While her early-career performances of the song are notable for being alternately searing and playful — it isn’t uncommon to revisit those shows and see Amos smirking at her crowd during some of the more unnerving lyrics — the song morphed into something far more sinister and discomfiting during 1996’s Dew Drop Inn tour. Over the course of some 150 dates, “Precious” became more and more untamed and saw the birth of a new strand of Amos’ ever-diversifying style: affectionately classified by fans as “Demon Tori,” it marked the arrival of the difficult-to-listen-to animalistic growl that replaced the word “girl” and the impossible-not-to-watch clawing of her thighs en route to her crotch. Coupled with a child-voiced Amos whispering “Wash me clean, Daddy” before barking the song to a close, these performances are, simply put, legendary. In 1998, the reinvention of the song with a band was favorably received, retaining all of its solo fire (and crotch grabbing) and gaining major percussive power. After closely following that arrangement for the better part of a decade, a more stately and wizened Amos changed it up for her 2009 Sinful Attraction tour, calling to focus a new instrumental call-and-response with her band as she geared up for the bridge, brilliantly allowing both artist and audience to breathe in a few moments of calm all knew would not last long. And in its most recent incarnation, accompanied by the Apollon Musagete Quartett, Amos and her cohorts finally achieved the song’s cinematic potential, her piano back at the forefront and shrill, wayward string plucks and moans insidiously getting under the skin of the song better than any guitar ever could.
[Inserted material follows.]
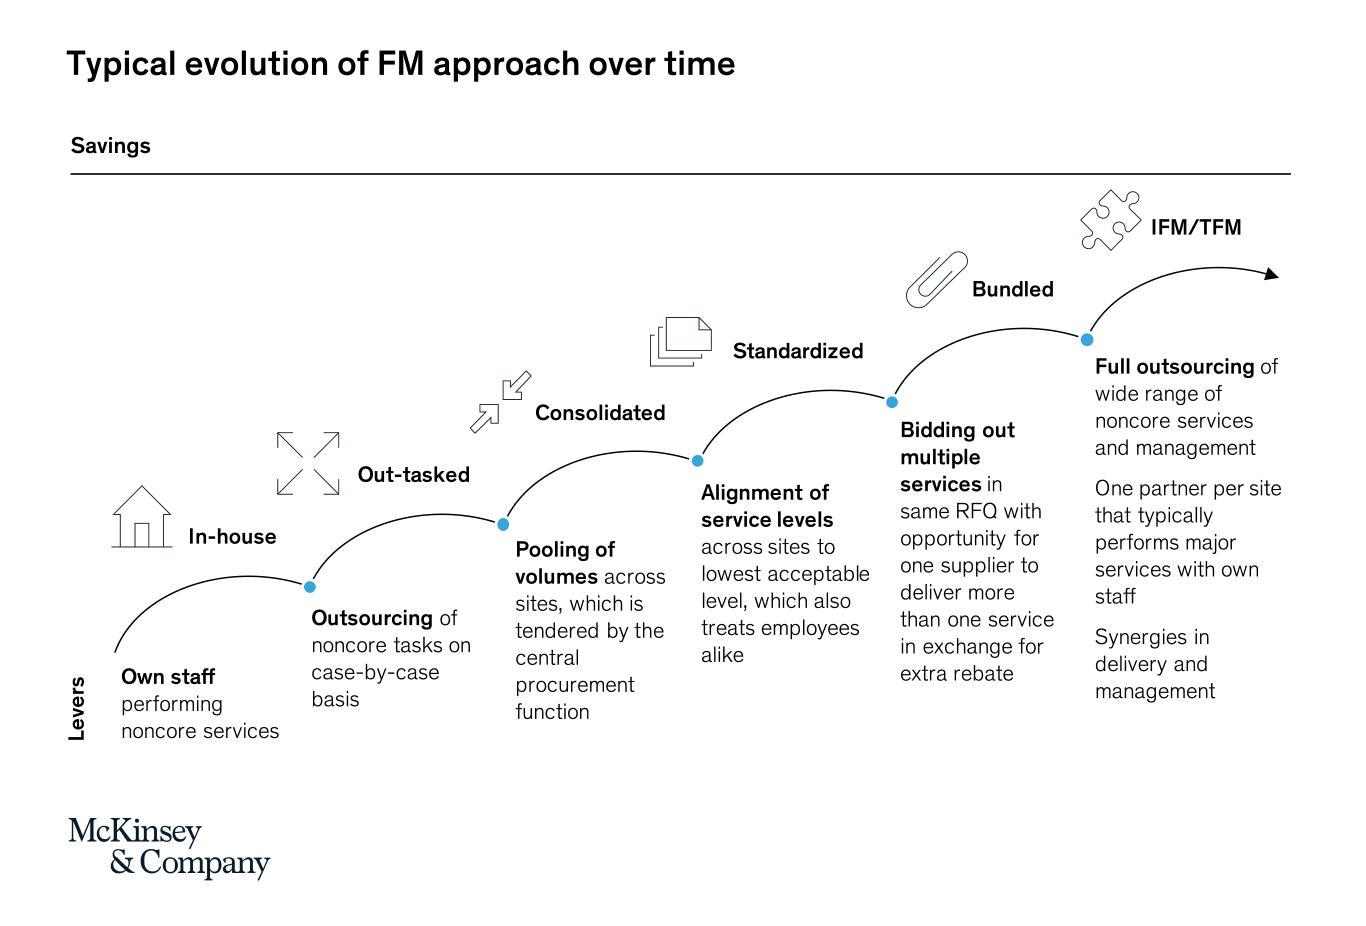 Typical Evolution of FM Approach Over Time

The three performances featured below serve as striking evidence that Amos nurtures rather than neglects her songs as they age, each successive performance expanding on the mythology and narrative of the world she’s created. Every time “Precious Things” find its way before an audience, Tori creates, and takes full advantage of, opportunities to realize the song’s ultimate purpose: looking back on the past, thorns and all, while defiantly pushing forward.